Number theory: Five charts which explain the Karnataka contest

The Election Commission of India (ECI) announced on Thursday that elections to the Karnataka state assembly will be held on May 10 and the results declared on May 13.

(Agencies/Representative use)(HT_PRINT)

The Election Commission of India (ECI) announced on Thursday that elections to the Karnataka state assembly will be held on May 10 and the results declared on May 13. Here are five charts which explain the nature of contest in detail.

Karnataka is the BJP’s only stronghold in southern India

The Bhartiya Janta Party (BJP) first formed a government in Karnataka in 2008. Although it had been part of the government earlier, that was as junior partner of the JD(S). While it emerged as the single largest party in the 2018 assembly elections, a post-poll alliance between Congress and Janata Dal Secular or JD (S) kept it out of power until July 2019. But the BJP broke ground in Karnataka much earlier, as evident in a comparison of its vote shares in general elections across five major southern states.
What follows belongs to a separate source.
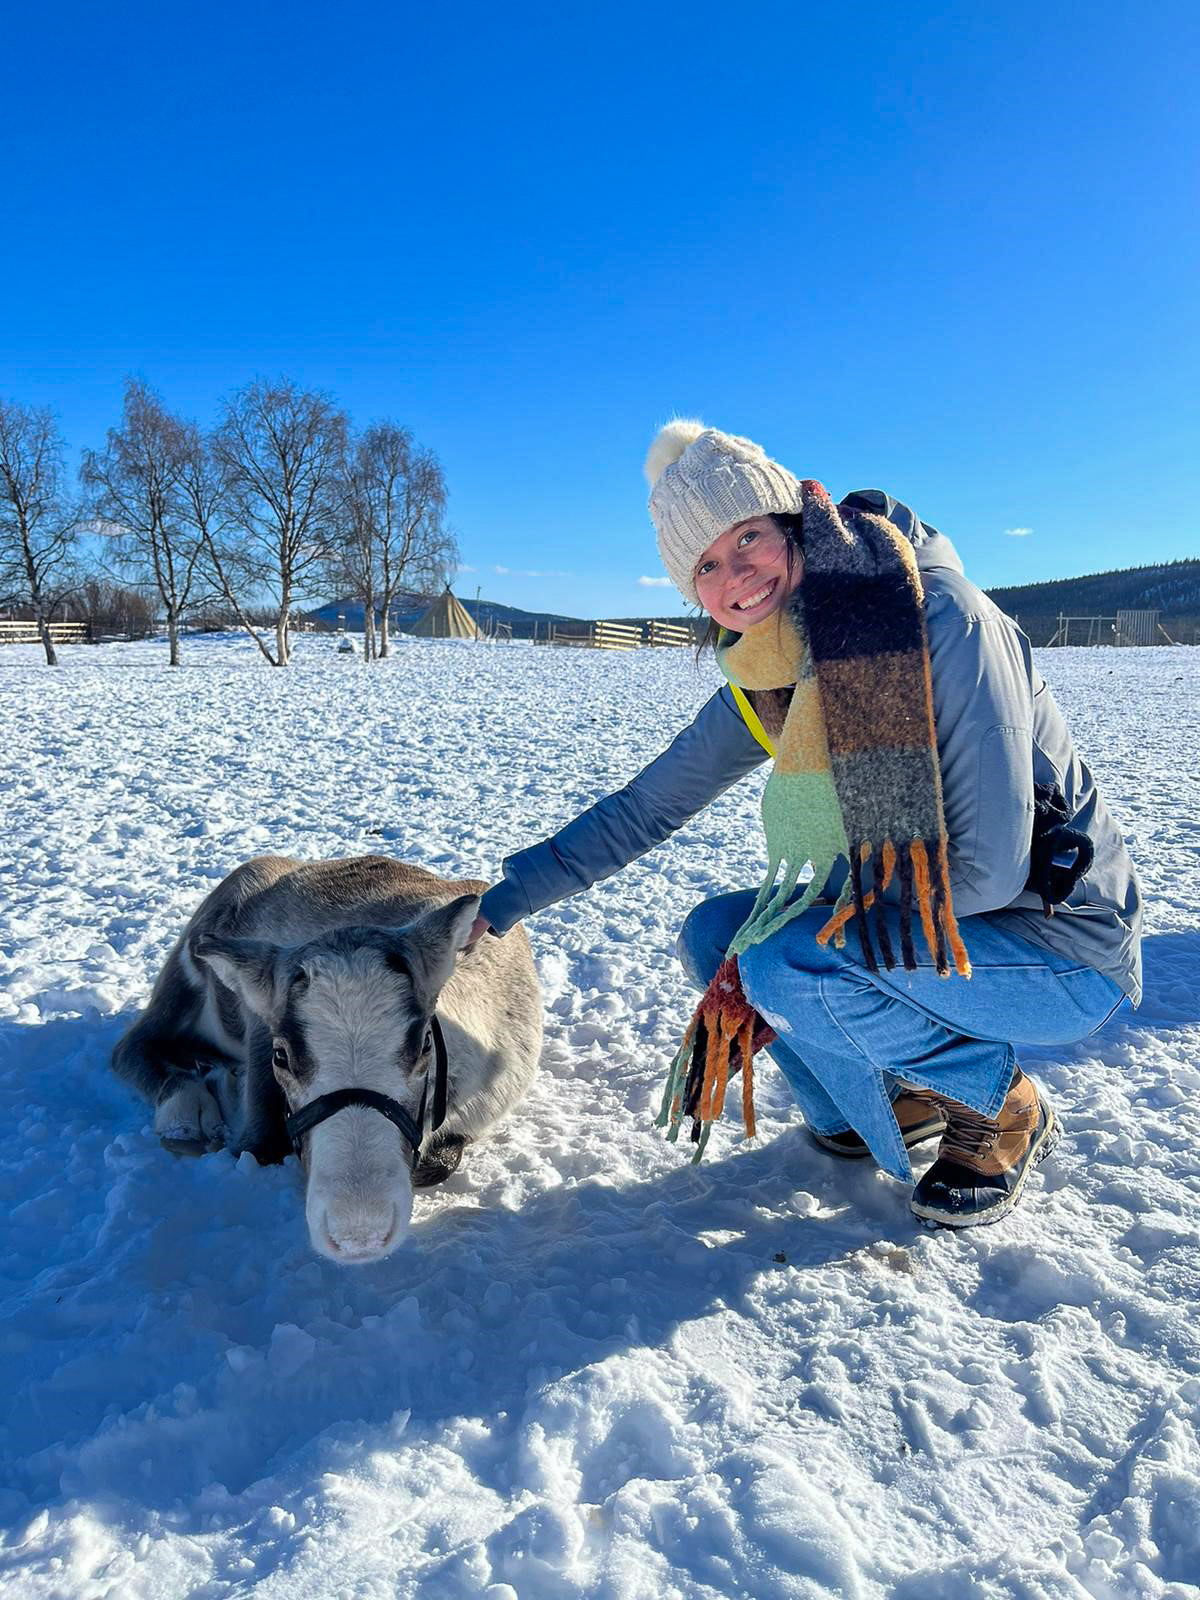 Student patting reindeer in snow
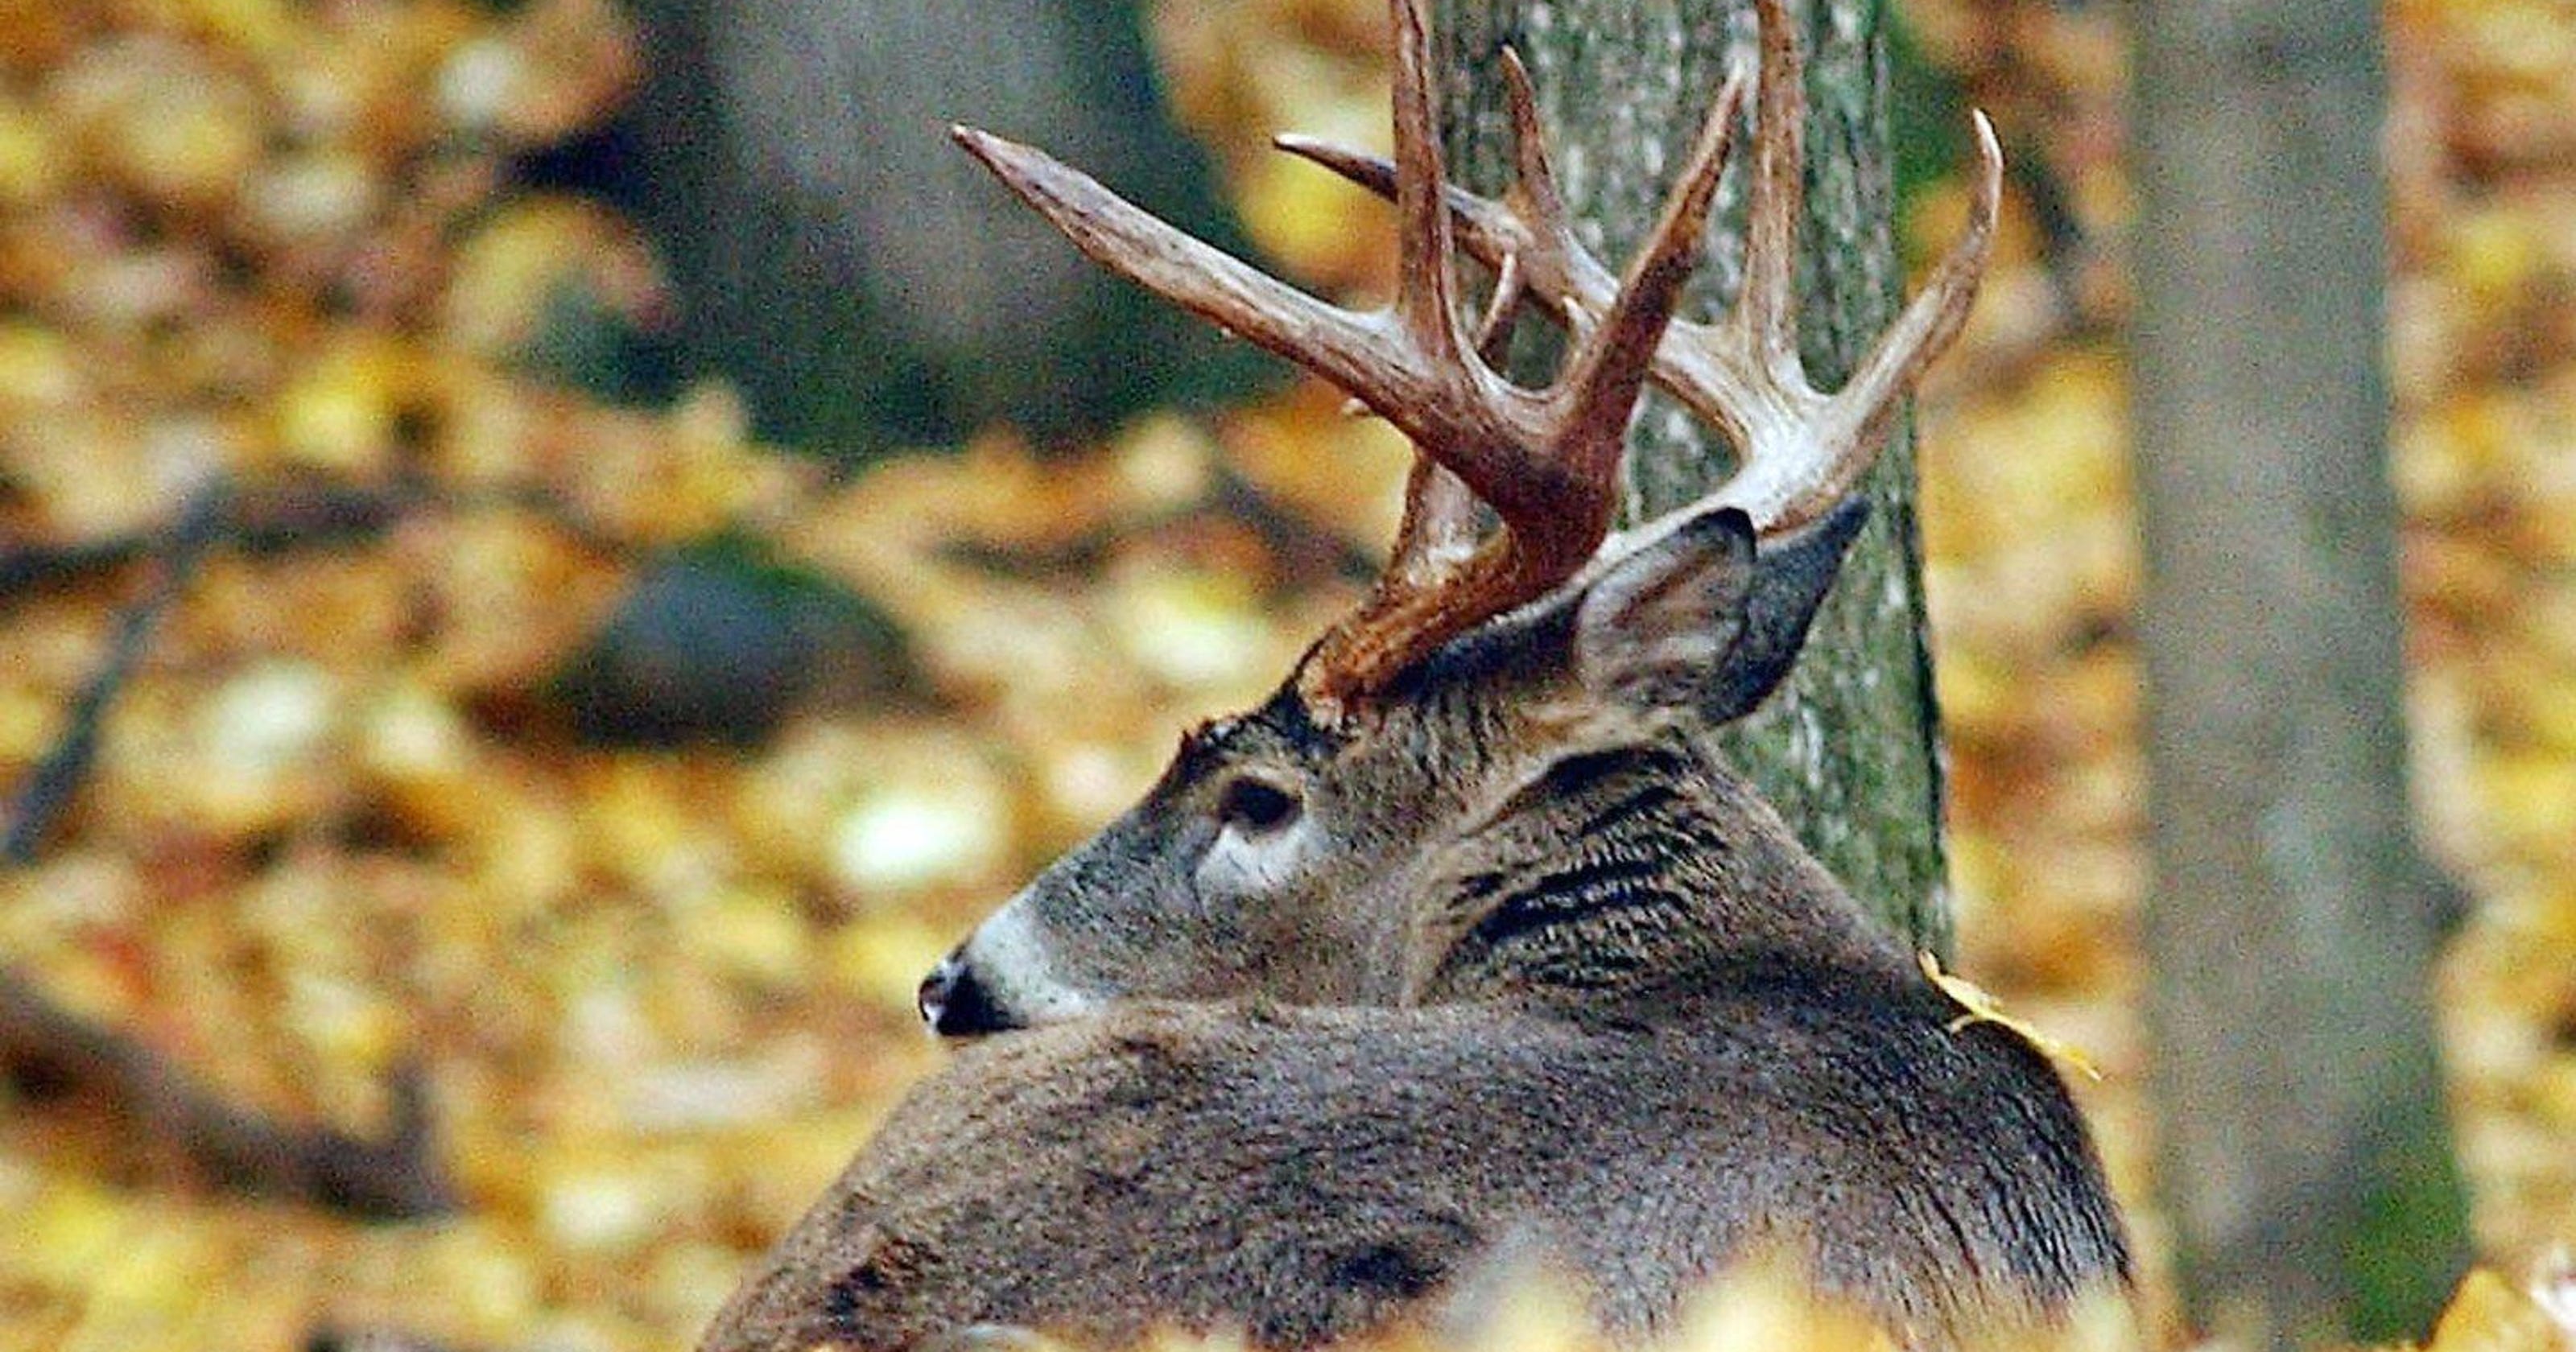 Fall is deer season in Michigan

But its 2018 performance was relatively underwhelming

The BJP had a comfortable majority in the 28 Lok Sabha constituencies in the state in the 2014 and 2019 Lok Sabha elections. However, its 2018 assembly performance, where it fell short of a simple majority by nine MLAs, was, relatively speaking, underwhelming compared to its 2014 and 2019 performance. This suggests a marked difference in the BJP’s state and national election performance in Karnataka. Given the fact that the BJP will also be facing an anti-incumbency headwind this time, the 2023 contest could well be more difficult than the 2018 fight . To be sure, at least until now, the BJP has done well to prevent a repeat of a 2013 like situation when it faced desertions from two of its key leaders, B S Yeddyurappa and B S Sriramulu in the state, leading to a crushing loss.

The Congress is always in striking distance of power in Karnataka

The Congress’s vote share in Karnataka has been close to or above the 35% mark for several decades. In a state where the wining party’s vote share has not crossed the 40% mark since 1999, this means that the Congress is always within striking distance of capturing power in the state. This state-level aggregate hides the fact that at the constituency-level, the contest may not be close when votes of other parties are regionally concentrated. For example, in the 2018 elections, the Congress finished first or second in 190 assembly constituencies (second in 112 ACs). The contest was close in 21 of these 190 ACs, as the victory margin was 2.5% or less in them. It finished first in 16 of these 21 ACs and second in only five. In almost half of the ACs where it finished second, it lost comprehensively, with the winner’s margin being 10% or more.